Interesting, I should take a proper tape measure to it instead of guestimating what it should look like based off of what my Grandpa and Dad remember it looking like almost 40 years ago...the leaf springs at ride height still have an arch and aren't flattened out and the whole truck still has a visual rake that it would've had from the factory but yeah it was noticably lower once we loaded a motorcycle on it recently (roughly 500lbs).

 

7 hours ago, gogmorgo said:

The cover on the MJ is a bit more exposed, but if you’re not doing any massive rock crawling with it I doubt you’ll ever have an issue.

Yeah, I've got loads of space to get at the diff with the long bed.
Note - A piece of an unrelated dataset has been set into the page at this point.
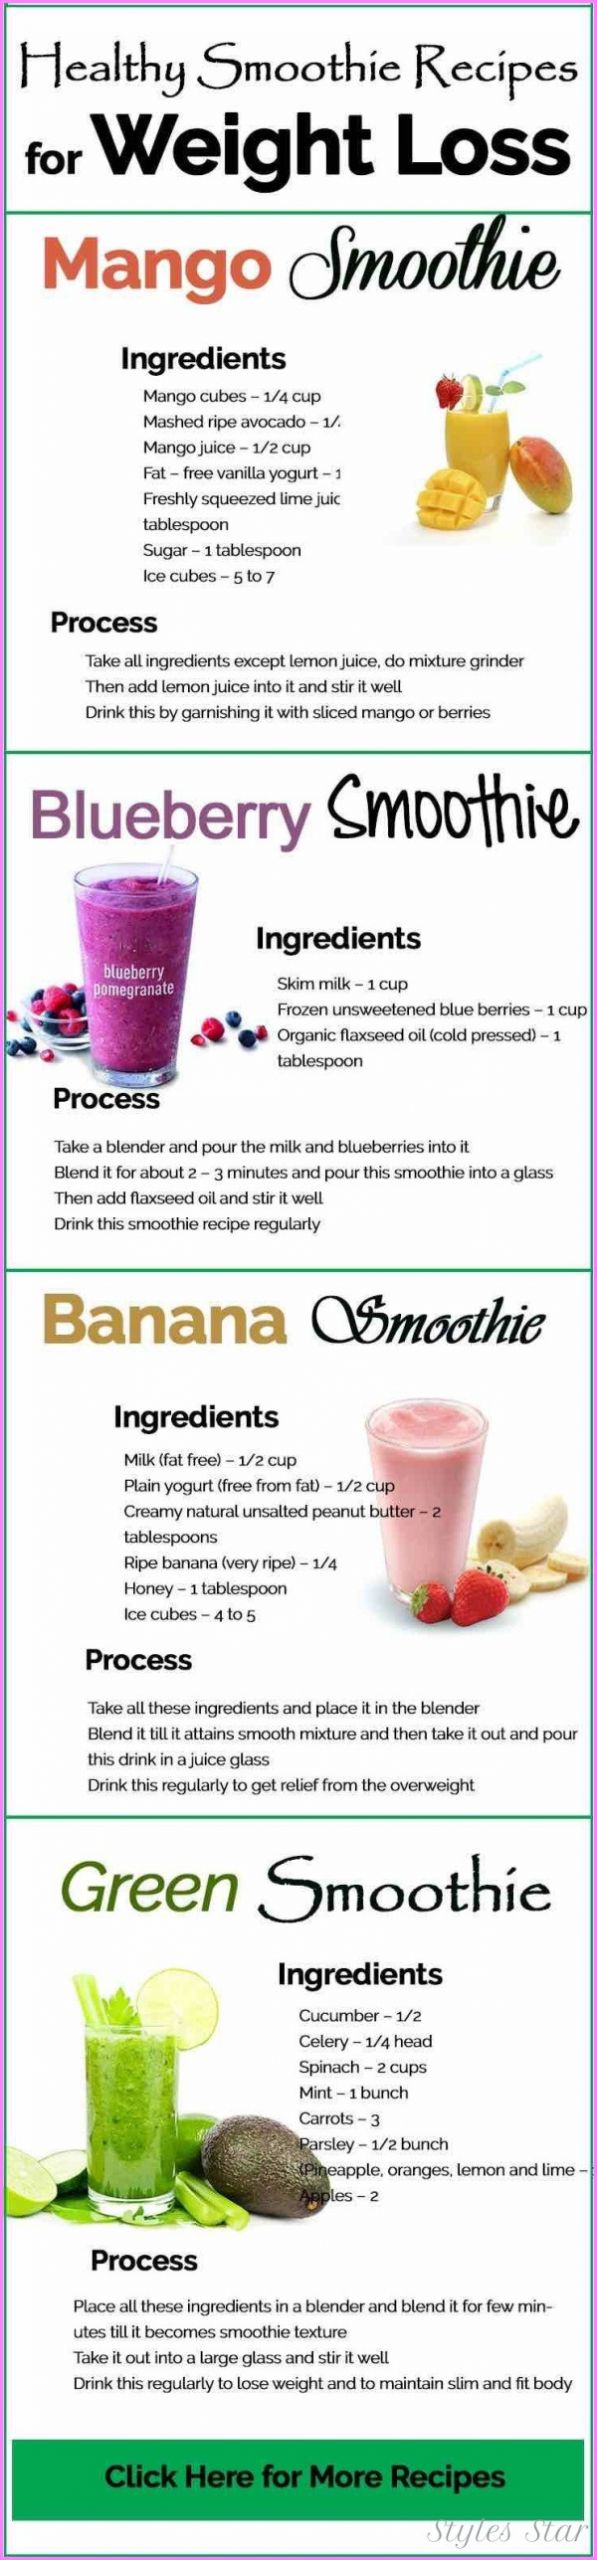 Nutribullet Recipes For Weight Loss
 Nutribullet Recipes To Lose Weight Star Styles

I rebuilt the Dana 35 over the summer on the ground with it in the truck there's so much space under there. And I'm way too nervous about getting stuck or destroying the bed to do any hardcore offroading.

 

7 hours ago, gogmorgo said:

I’ve seen more diff covers rust out than I’ve ever seen hammered into things, that’s the sort of trouble you need to be looking for. 

There's basically no rust outside of surface rust on my MJ thankfully. It's been sitting in the front yard of my grandparents house since the mid-90s in California...and it's been a northern California truck all it's life, it's the one and only new vehicle my grandpa ever bought.